O Dr. Antônio Bomfim afirma que combater o tabagismo é “uma luta constante contra uma indústria bilionária que sempre dá um jeito de se reinventar”. Inclusive, até mesmo o perfil do câncer de pulmão tem mudado nos últimos anos: a adição de filtro nos cigarros alterou o tipo de câncer, mas não a incidência. “Antes, o comum era o tipo de câncer mais central no brônquio, chamado de carcinoma espinocelular. Após o filtro, as partículas ficaram menores e conseguiram adentrar às periferias do pulmão, o que permitiu o surgimento de adenocarcinomas”, explica o médico.
Ainda não é possível relacionar o uso de vape – um tipo de cigarro eletrônico – ao surgimento de novos casos de câncer de pulmão, pois esse é um problema de saúde pública relativamente recente. Os impactos das novas formas de tabagismo vão começar a ser vistos daqui a algumas décadas. Mesmo assim, a Medicina já lida com as consequências hoje. O Dr. Bomfim informa que a literatura médica já lida com doenças inflamatórias pulmonares relacionadas ao vape.

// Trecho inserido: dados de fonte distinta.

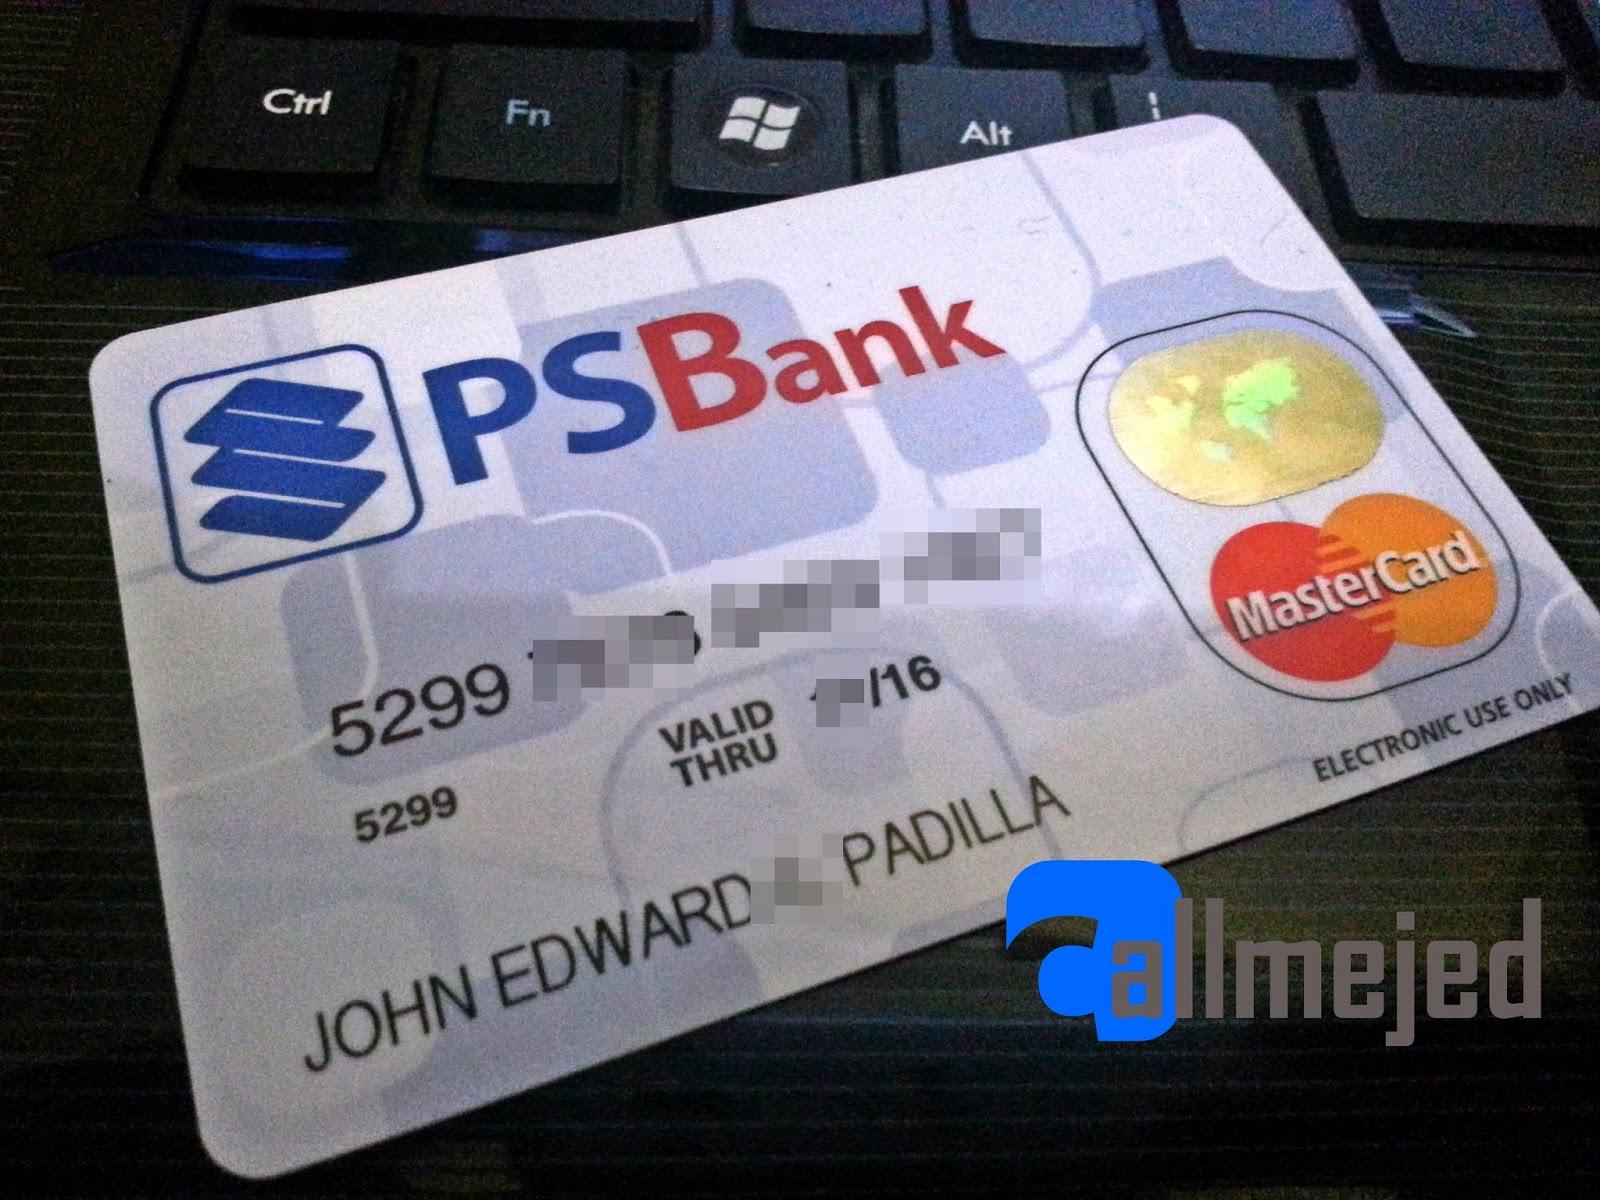 thewalkingjed psbank debit mastercard review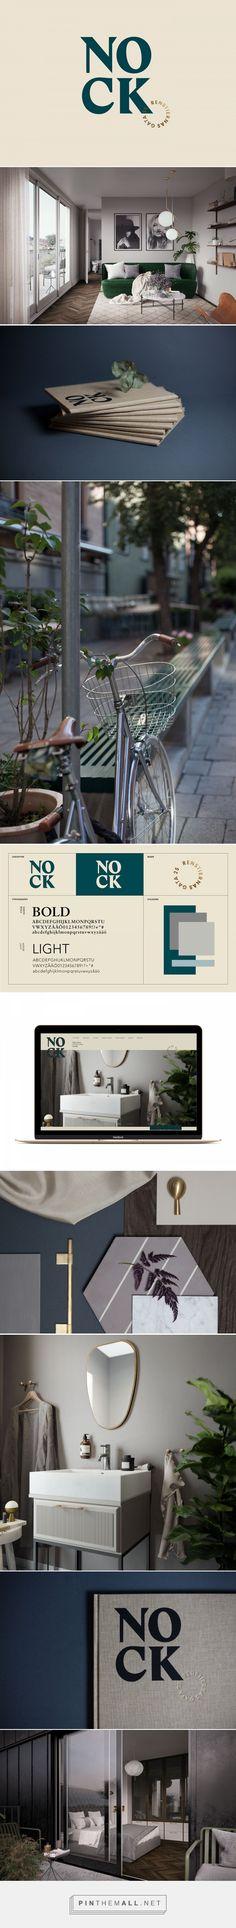 Nock on Behance. Brand design, logo design, web design, branding, visual identity #brandidentity

Avanços – Nos últimos 15 anos, Antônio Bomfim dedicou-se às cirurgias oncológicas no pulmão em vários tipos de pacientes. Por isso, o profissional acompanhou os avanços nas tecnologias para tratar esse tipo de câncer. “Tivemos a possibilidade de fazer o tratamento de forma minimamente invasiva, tanto do diagnóstico quanto das cirurgias mais complexas. A cirurgia robótica é uma das intervenções mais modernas no mundo, e já é realidade em várias regiões do Brasil”, informa.
Segundo ele, são vastas as vantagens dessa tecnologia. “Além de proporcionar uma qualidade no tratamento oncológico, o que resulta em menos sofrimento ao paciente, ela também permite que os pacientes voltem às suas atividades habituais com mais rapidez, uma vez que as cirurgias tendem a ter menos complicações.